Он решил выехать за Реку там, где плыла по земле река Амма — и там, где были благодатные земли, облюбованные родом Бетун[7]. Он приказал построить огромные лодки, способные перевезти не только людей, но и лошадей, и скарб.
Тайные знания и мысли передавались из века в век, из поколения в поколение, и это было нескончаемо, пока живы Небеса, Солнце и Луна, пока они освещали жизнь обитателей Срединного мира.
То, что песни с тайными смыслами и помыслами могли понять только посвящённые, казалось непременным законом бытия. Но порою что-то в этом связанном мире прерывалось, и всё начинало идти не должным образом. И это всегда привносило что-то новое, неведомое в мир сущностей и вещей.
Одушевляя мир природы, шаманы и олонхосуты не всегда были сами в ладах с этим миром. Бывало, шаман возносился в небеса, потом спускался вниз, в мир сущностей и вещей, терял дар речи и не смог пересказать увиденное — таков был суровый приговор мира духов. И этот шаман переставал быть объединяющим миры и ярусы неба.

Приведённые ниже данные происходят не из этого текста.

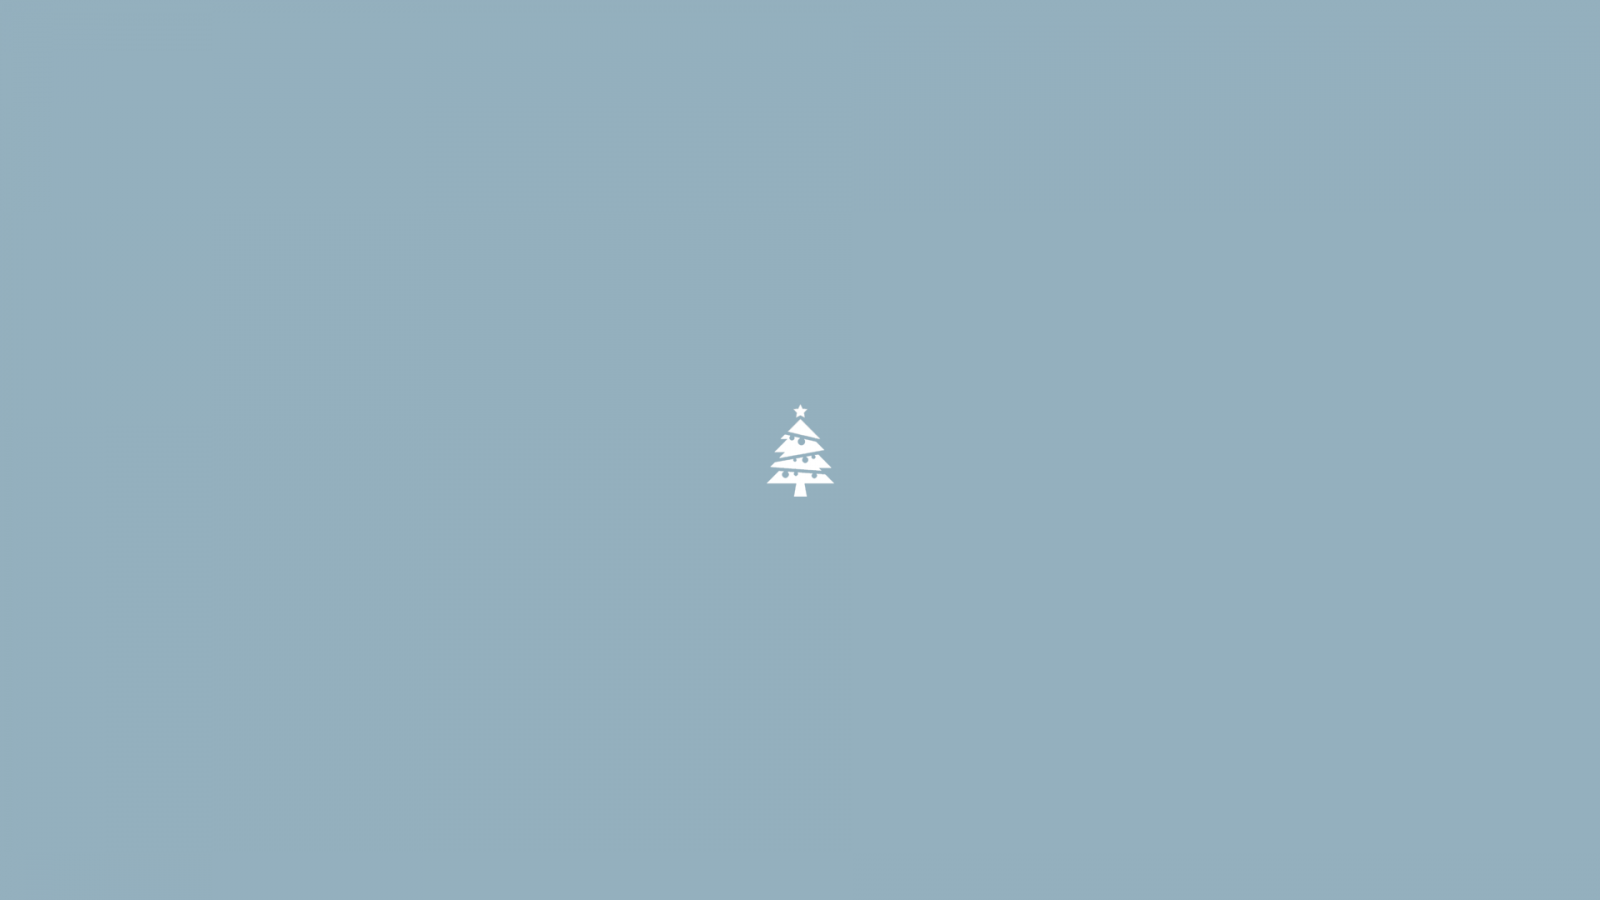 Free download Minimalist Christmas tree wallpaper [1920x1080] wallpaper [1920x1080] for your Desktop, Mobile & Tablet. Explore Christmas Minimalist Wallpaper. Christmas Minimalist Wallpaper, Minimalist Background, Minimalist Wallpaper

Он уже переставал проникать в самые верхние слои, не добирался даже до срединных ярусов.
Вот тогда и рождались новый человек и новый мир, которые все заботы о мире и роде взваливали на свои плечи, становясь связующим мостом между мирами и ярусами неба. Так одно сменялось другим, нескончаемо, как день и ночь меняются местами. Но, как говорят, всё имеет и конец, и начало.
Тем временем царь Тыгын вознёсся своими мыслями вверх, на самый пик вершины неба, и произнёс сакральные слова о сути мира. Что ожидает нас в будущем? Чего нам опасаться? Что нам стоит изменить в этом мире? Страх необъяснимый, всепроникающий охватил его. В том месте, где пролегла грань, разделяющая миры и сущности, сердце предчувствовало неведомое предзнаменование.

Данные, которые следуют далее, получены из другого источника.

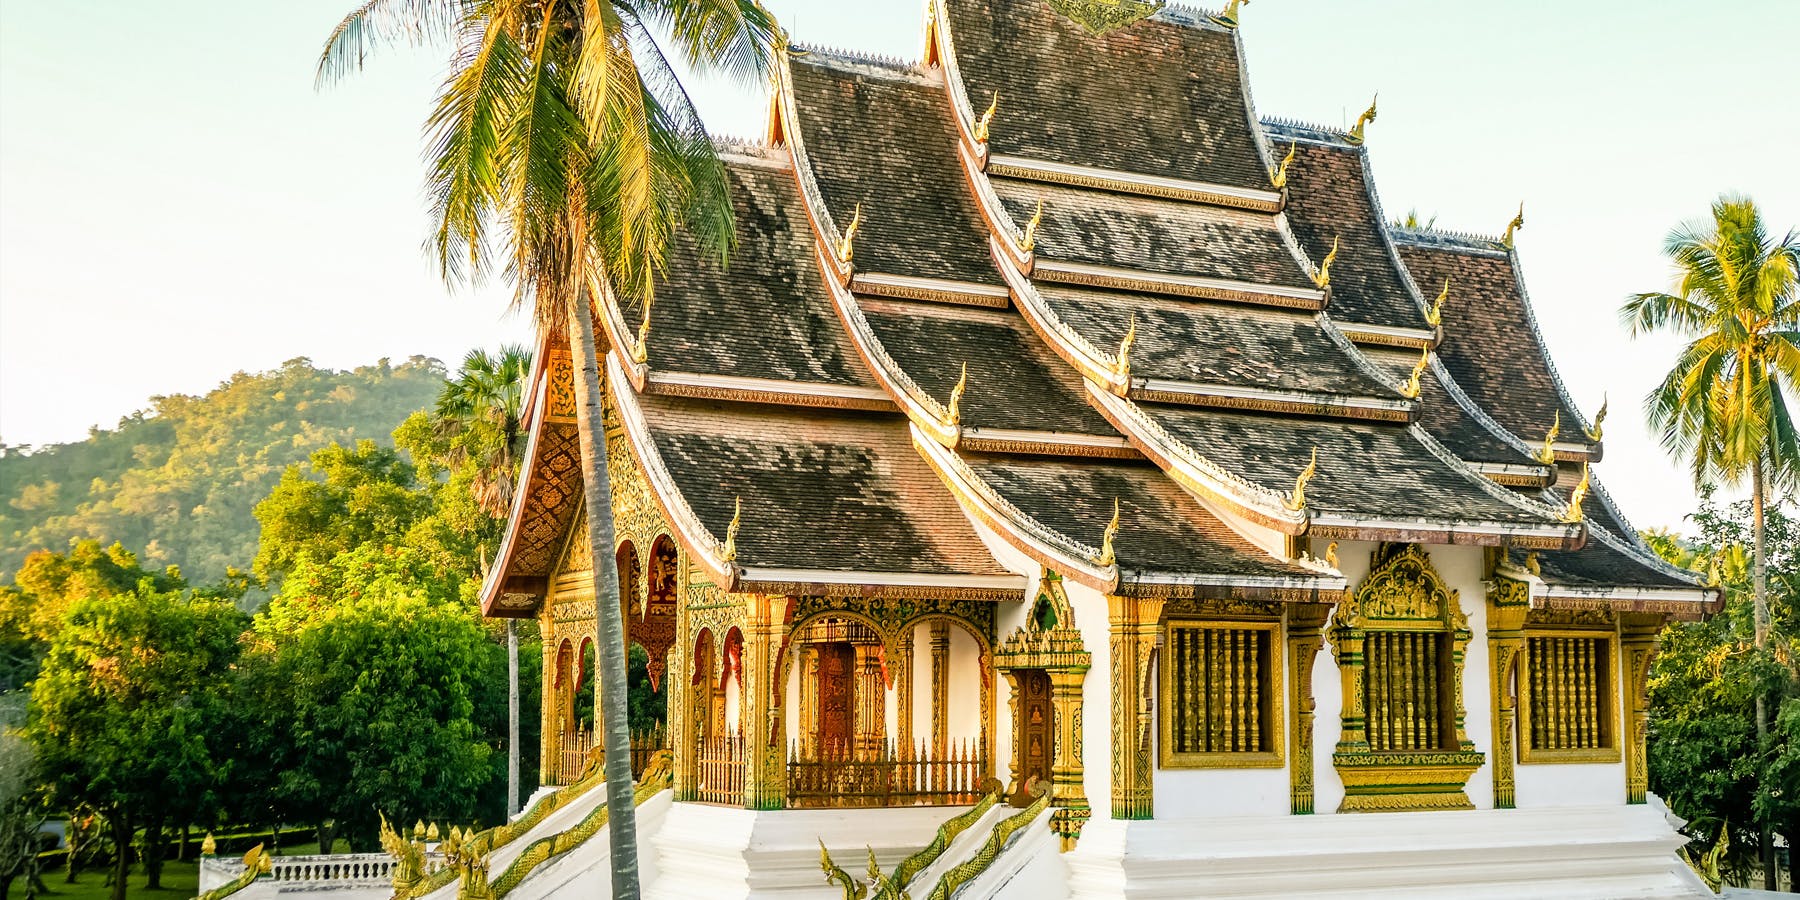 Luxury Honeymoons in Laos

Он утолил жажду холодной водой, вдохнул полной грудью свежую речную прохладу и уселся на олбох. Тропа извивалась, белея средь зелёной чащи, словно зовя в дорогу.
Тыгын смотря вдаль, за реку, вспомнил шамана Кээрэкээнэ.
Когда Кээрэкээнэ решил уйти, Тыгын не выразил ни недовольства, ни одобрения. Ему казалось, что раз тот так решил, значит, так и надо. В этом была мудрость человека, умудрённого жизнью. Его мысли совпали с решением Кээрэкээнэ. И жизнь показала его правоту. Он спас свой народ и расширил земли айыы аймага на восток, встречь свету солнца. В этом было его предназначение: освоить новые земли и заложить для рода хорошее Ордуу. Тыгын был рад, что не вмешался, не помешал его продвижению на восточные земли за Рекой. Теперь его задача была удержать эти земли под началом своих родичей. И решение Кээрэкээнэ совпадало с этими задачами. Потомки шамана Кээрэкээнэ будут благодарны, и самый известный из них станет великим олонхосутом и родоначальником новой страны на Срединной земле. Род айыы аймага продолжится и будет смотреть на мир открыто и с надеждой. В этом был смысл жизни и борьбы всех поколений племени айыы аймага и Тыгын-царя. Мир не менялся в том самом своём изначальном смысле — как круговорот тени и света, дня и ночи, солнца и луны.
Тыгын это понял на вершине скалы, когда поговорил с Юрюнг Айыы Тойоном — Айыы Тангара — и получил благословение на воссоздание Ил и веры айыы аймага на этих благодатных землях, созданных для созидания и процветания. Так с тех пор и повелась жизнь Ил вдоль реки Элиэнэ до Северных земель, вплоть до холодных вод ледяного байгала[8] и на востоке — до тёплых вод богатого рыбой байгала.
Таковы были земли, которые населили дети Юрюнг Айыы Тойона и племя айыы аймага.
Апрель, 2016. Москва
Письмена Тыгына
История об «уснувших» в горах письменах
Уснувшее когда-то должно проснуться, так устроен Срединный мир, так говорят тёмной ночью звёзды…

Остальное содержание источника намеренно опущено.